Primary central nervous system lymphoma (PCNSL) may rarely be preceded by “sentinel demyelination,” a pathologic entity characterized by histologically confirmed demyelinating inflammatory brain lesions that mimic multiple sclerosis (MS) or acute disseminated encephalomyelitis (ADEM). Interpreting the overlapping radiologic and clinical characteristics associated with each of these conditions—contrast-enhancing demyelination of white matter and relapsing and remitting steroid-responsive symptoms respectively—can be a significant diagnostic challenge.
We describe a 57-year-old woman with an unusual clinical course who presented with multi-focal enhancing white matter lesions demonstrated to be inflammatory demyelination by brain biopsy. Despite a good initial response to steroids and rituximab for treatment of presumed tumefactive multiple sclerosis, the patient’s condition rapidly deteriorated, and a repeat brain biopsy six months later was consistent with a diagnosis of diffuse large B-cell lymphoma.
Early clinical suspicion for PCNSL and awareness that biopsied lesions may initially show sentinel demyelination suggestive of alternate diagnoses may be essential for early initiation of appropriate therapies and mitigation of disease progression. Clinical, pathophysiological, and diagnostic aspects of sentinel demyelination and PCNSL are discussed.

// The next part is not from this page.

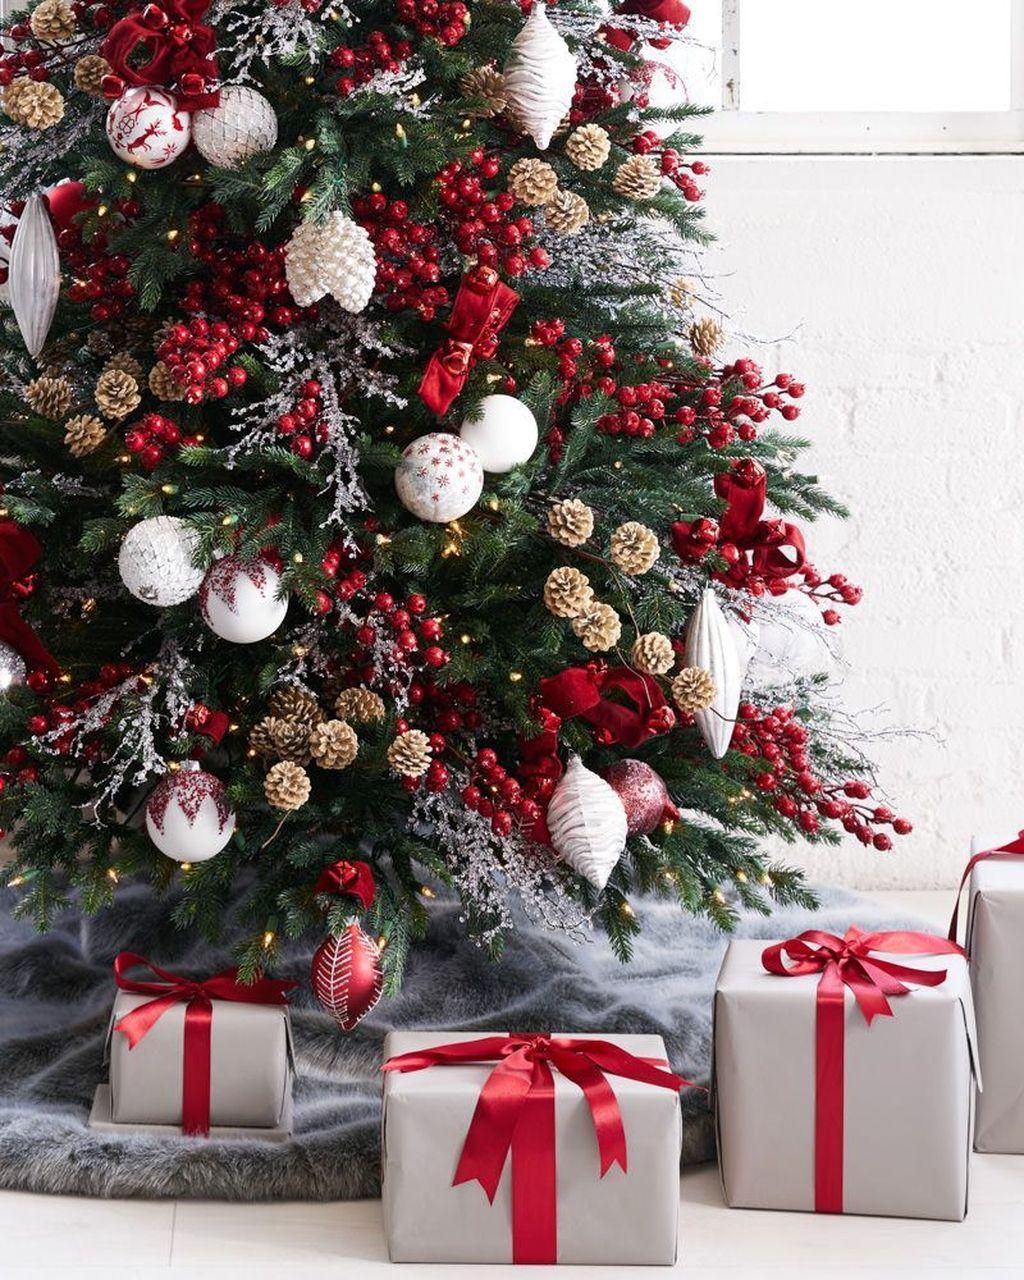 Amazing Winter Christmas Tree Design And Decor Ideas 10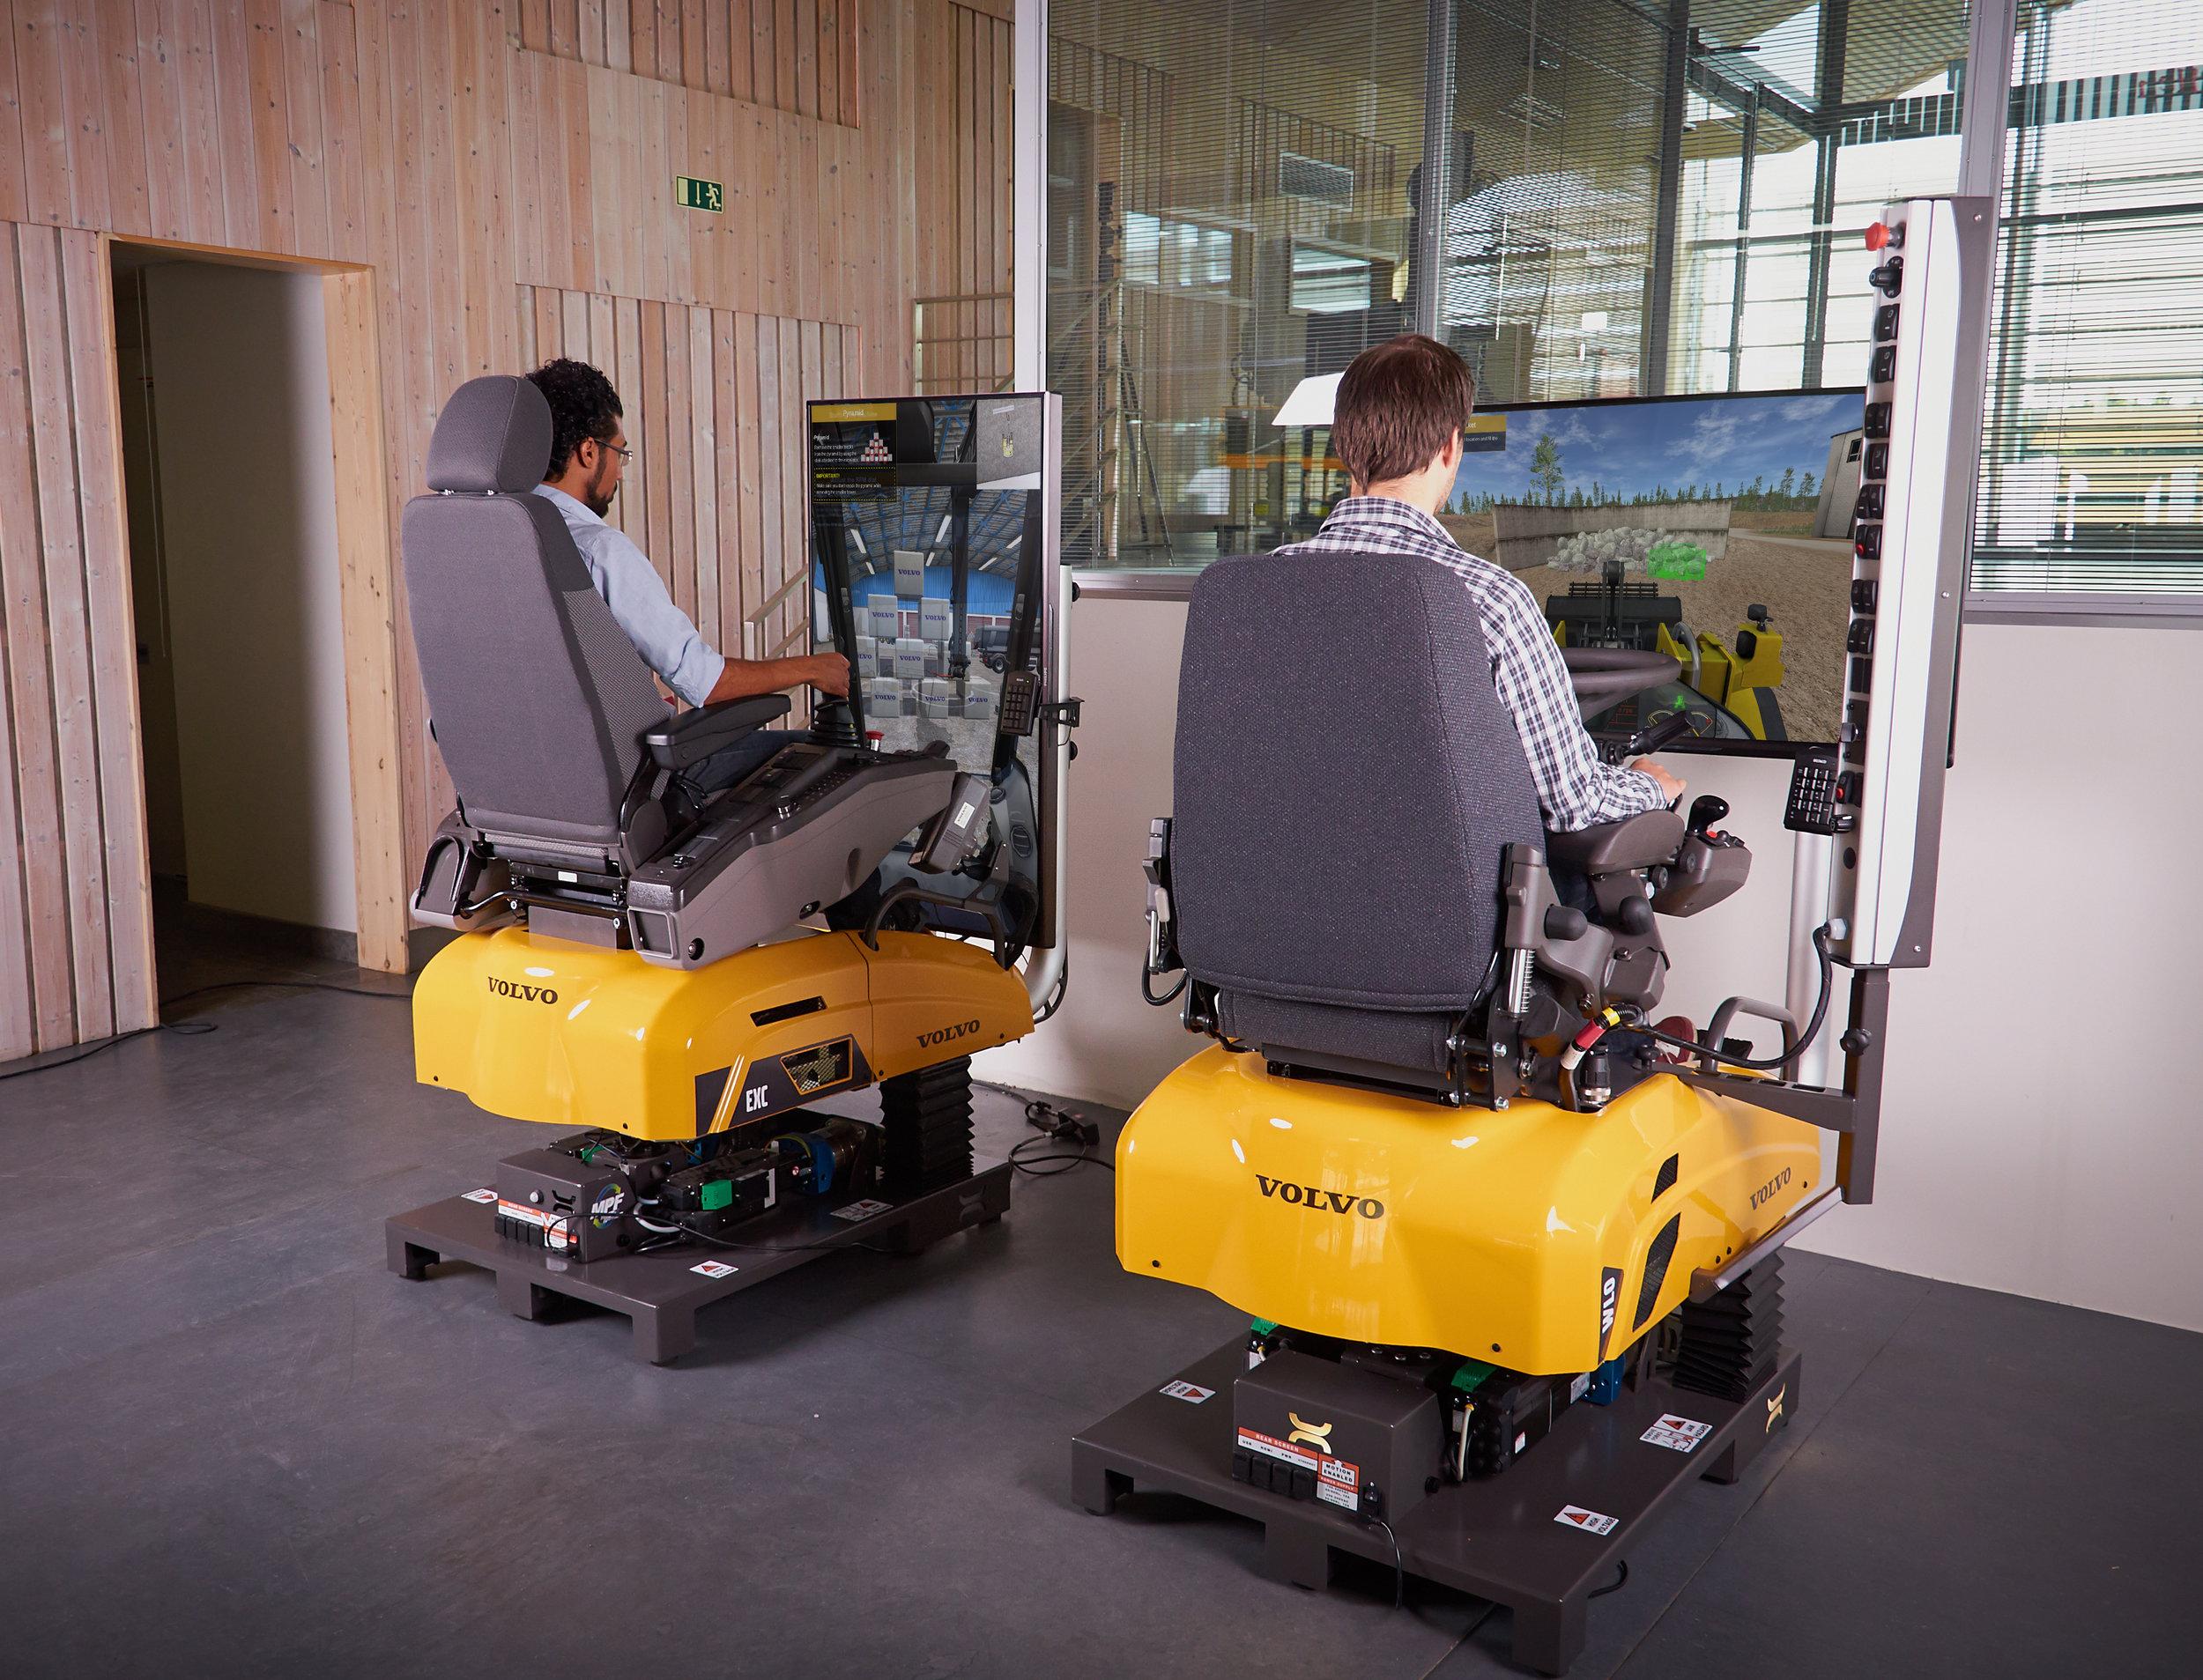 Volvo classroom trainers_01.jpg

Primary central nervous system lymphomas (PCNSL) are rare neoplasms that account for less than 1 % of all brain tumors [1, 2]. Though more common in the setting of immunosuppression, the incidence of PCNSL has increased in the last three decades among immunocompetent individuals [1–4]. PCNSLs are most frequently diffuse large B-cell non-Hodgkin lymphomas, represent 4 % of intracranial neoplasms, and present at a median age of 60 . Surface expression of both BCL6 and IRF4, along with immunoglobulin gene rearrangement in the majority of PCNSL B-cells indicate that the tumor cells have an activated B-cell phenotype .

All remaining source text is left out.